En ese proceso de esta vida humana de todo aquello que no podemos controlar, los hábitos tienen una poderosa fórmula de bienestar y sanación. Hablo de los hábitos que edifican, no de las adicciones que destruyen. Establecer hábitos no es un asunto de plantearse metas ni objetivos a mediano o a largo plazo, es en realidad, un asunto de lanzarce a comprender el sistema que implica el cuerpo, la emoción y el pensamiento y ese es un proceso personal, pues si bien hay procesos biológicos "básicos", cada organismo, historia y mente, se modela en virtud de las relaciones y conversaciones que entabla.


Ella Migra

Tengo un par de hábitos sencillos e invisibles par amuchos en mi vida, que no caben (y no me interesa que quepan), en fotos de redes sociales o medallas de maratonista. Comenzando año podríamos empezar a pensar en los hábitos atómicos (como se llama también el ibro), que podrían ayudarnos a reconciliarnos con la maquinaria de cuerpo y alma que es nuestro territorio real. Piensa en configurar esos hábitos entendiendo que:


  • Los hábitos son el interés que sostiene nuestra mirada de futuro, nuestros deseos.

  • La más rápida manera de aniquilar la pretensión de formar un hábito, es amarrarlo a objetivos. En su lugar, es mejor concentrarnos en cómo a diario nos estamos relacionando con nuestra vivencia del cuerpo, las emociones y el pensamiento (qué hacemos con eso).

  • La forma más eficaz de cambiar los hábitos es centrarse no en lo que se quiere conseguir, sino en lo que se desea ser.

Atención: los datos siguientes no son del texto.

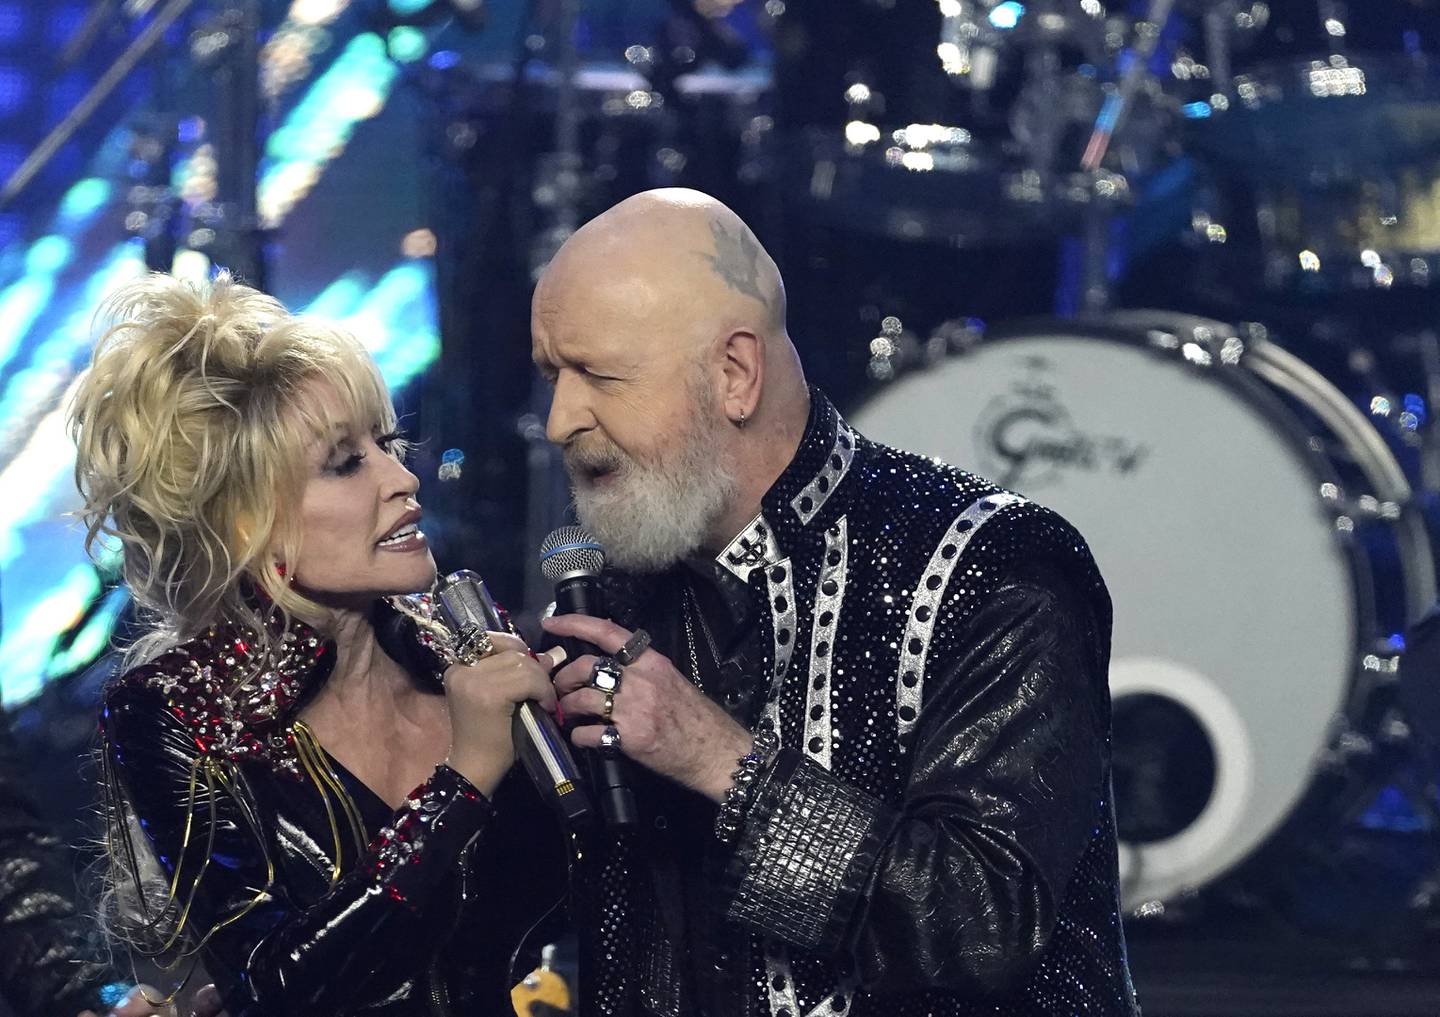 Dolly Parton med Rob Halford fra Judas Priest, da hun ble innlemmet i Rock & Roll Hall Of Fame. Parton synger også sammen med Halford på det nye albumet "Rockstar".

  • La búsqueda de hábitos debe ser una práctica obvia, sencilla y atractiva, no un castigo autoimpuesto.


Entonces en medio de esos pequeños hábitos acá estoy, acá estamos. Celebrando la pequeña victoria diaria sin muchas ganas de mirar cada detalle de lo que venga y sin embargo con ganas de concretar ya lo que vendrá y con quien vendrá.


Ojalá este año te atrevieras a mirar para adentro y ver el cuerpo emocional y físico que eres. Ojalá te miraras como el ser sexual, emocional, intelectual, biológico, social, cultural y trascendental que eres. Y a eso te voy a invitar a lo largo de 10 encuentros que haremos en este 2022 para aprender y mirar herramientas para sanar: una experiencia grupal de salud integral, una invitación única para sanar integralmente.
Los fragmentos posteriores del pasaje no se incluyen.